In 1987, Ripploh made a sequel, Taxi nach Kairo, which was less successful with critics and audiences.

=== Explicit depiction of gay sexuality ===
The ironic film, which was also perceived as a comedy by some audiences, is remarkable above all for its openness in its portrayal of gay sexuality, (Note: Ripploh spoke of sexual freedom of being a response to suburban life, with boredom at the other end of the spectrum) which was unmatched then and still is today. There are numerous scenes including gay cruising and encounters including unsimulated sex; erect penises could be seen during sexual acts at glory holes in public toilets.

It is the only non-pornographic film in Germany, Austria and German-speaking Switzerland, approved for audiences aged 16 and over, with a scene in which not only fellatio can be seen, but also ejaculation into the partner's mouth followed by swallowing semen in a long, detailed close-up. In this scene (00:42) the director and lead actor Ripploh can be seen having an orgasm.

Elsewhere (01:15:34) the main actor can be seen practicing a golden shower, a similar scene only seen in the thematically related film Savage Nights (Les nuits Fauves) (1992) by Cyril Collard, which is rated 12+ in France and 18+ in Germany, and in which the main actor and director also plays himself.

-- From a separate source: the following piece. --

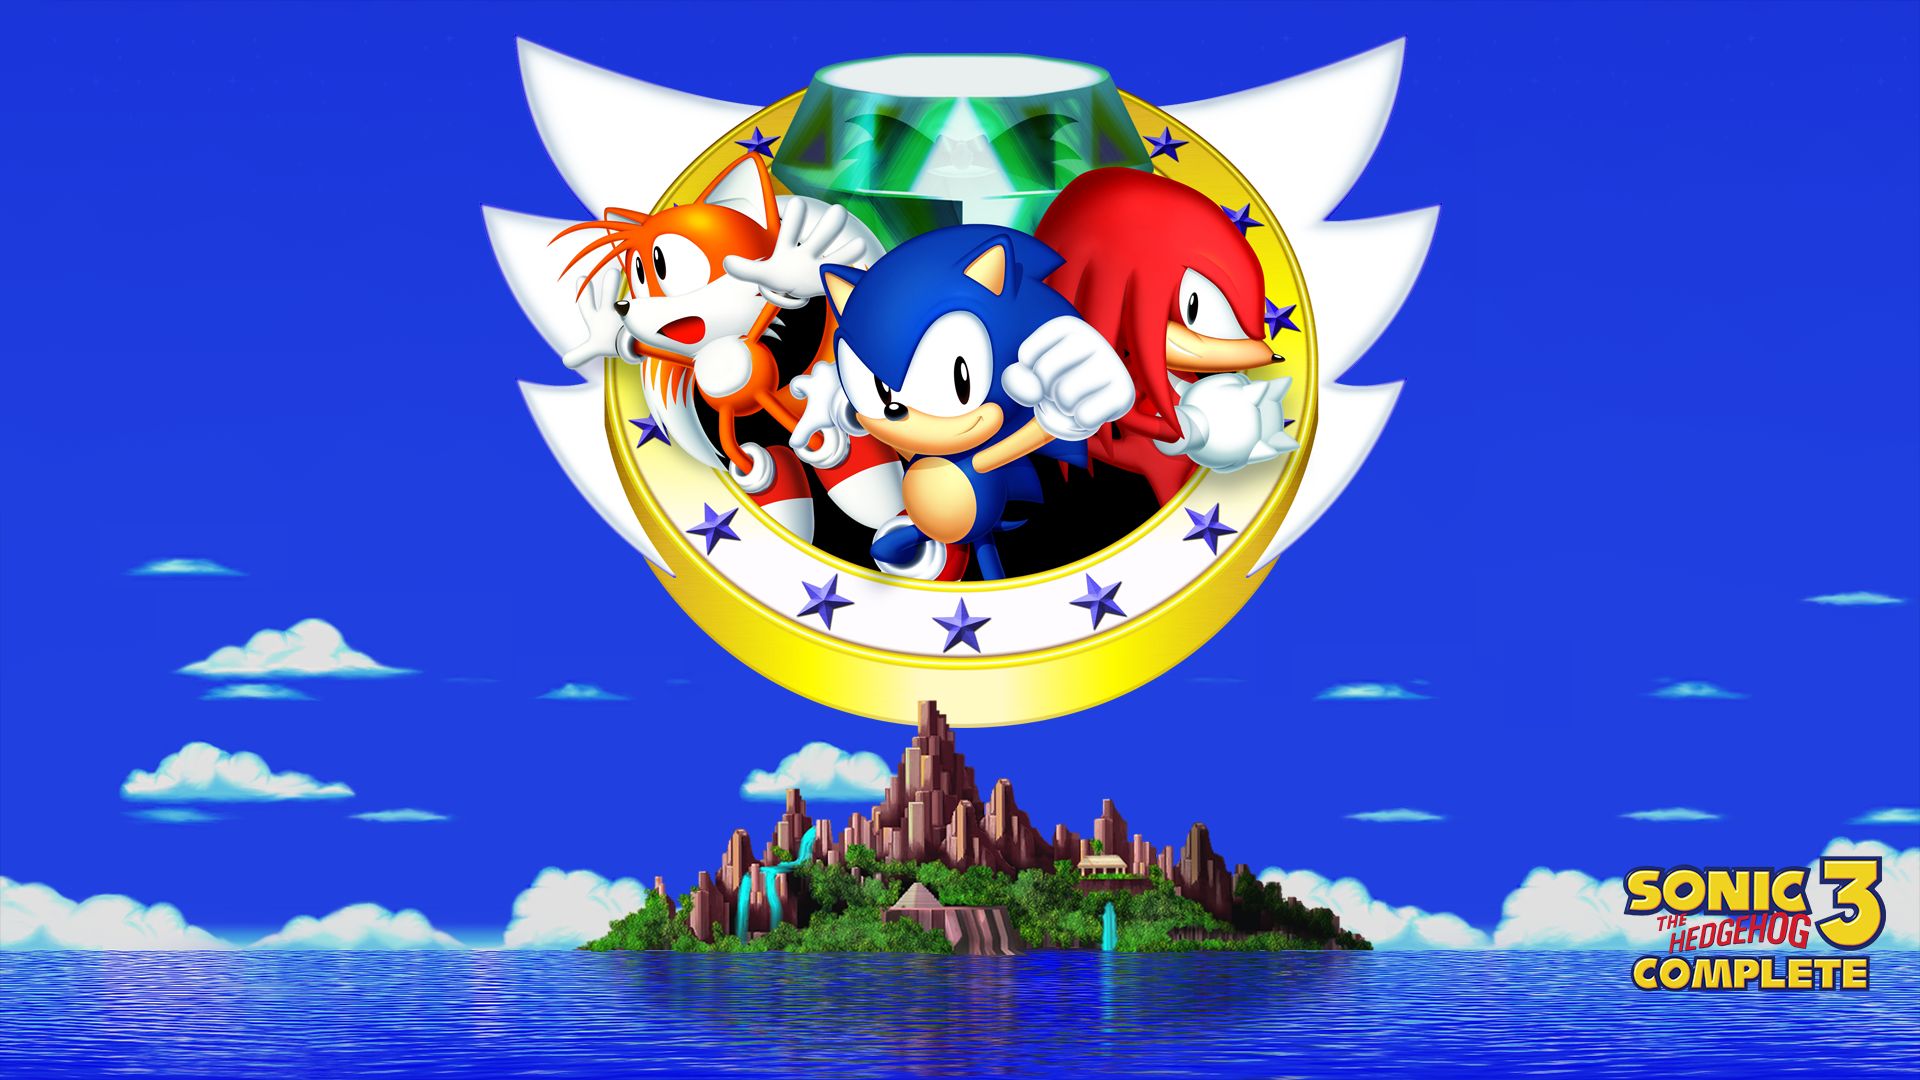 Sonic The Hedgehog Backgrounds High Quality  PixelsTalk.Net

In Austria the film was confiscated, on 17 May 1981, during the preparations for the first gay film festival in Vienna (1982), because of same-sex pornography.

Intended for release in clubs, the film was eventually released commercially. For its theatrical release in the UK, the British Board of Film Classification required that the images of erection, penetration and BDSM be reduced, as well as two scenes be removed: one scene of urolagnia and one where a black-and-white public information film is shown, relating to stranger danger. This meant that the film could not even be exhibited in the newly created R18 category. The film was eventually passed as 18 uncut in 2011.

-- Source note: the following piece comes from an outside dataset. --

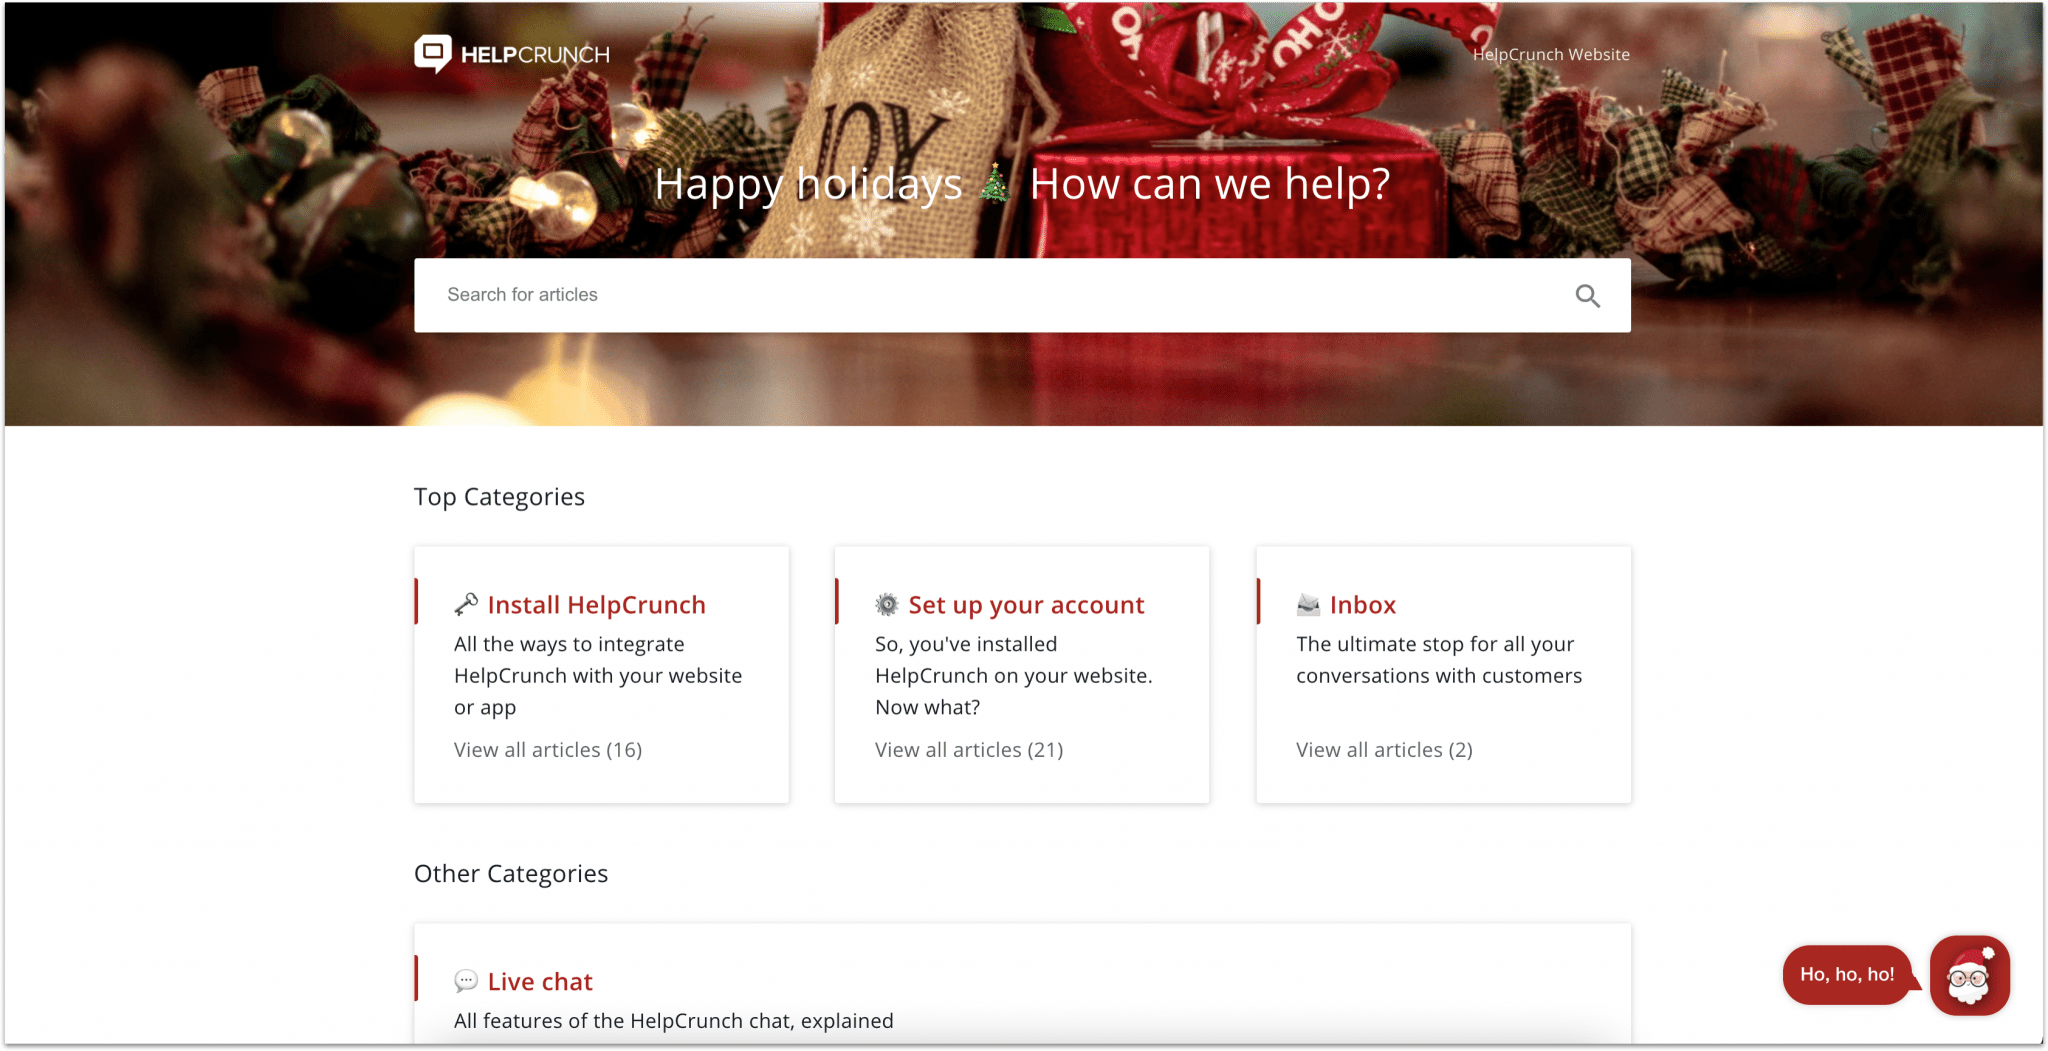 HelpCrunch-knowledge-base-Christmas-theme

===Age ratings in other countries===
Finland : K-18

France : -16

United Kingdom : 18 (cut, 1994)

United Kingdom: 18 (uncut, video re-rating 2005)

===Director's Cut===
Before his death, Ripploh was able to complete a director's cut, which was released on DVD in 2002. This is remastered , 16:9 anamorphic widescreen and still mono. As an encore, in addition to all the standards, there is a 23-minute interview with the director about Taxi nach Kairo.

==Critical reception==
The Village Voice hailed it as "the first masterpiece about the mainstream of male gay life". Taxi zum Klo tied with Beau-père in winning the 1981 Boston Society of Film Critics Award for best foreign language film.

==Controversy in Norfolk, Virginia==

After a showing of the film at the Naro Expanded Cinema, a revival house in Norfolk, Virginia, police confiscated a print of the film on Oct. 5, 1983. The film's distributor filed a lawsuit and the print was returned. The Naro's operators were charged with a misdemeanor and received a light fine.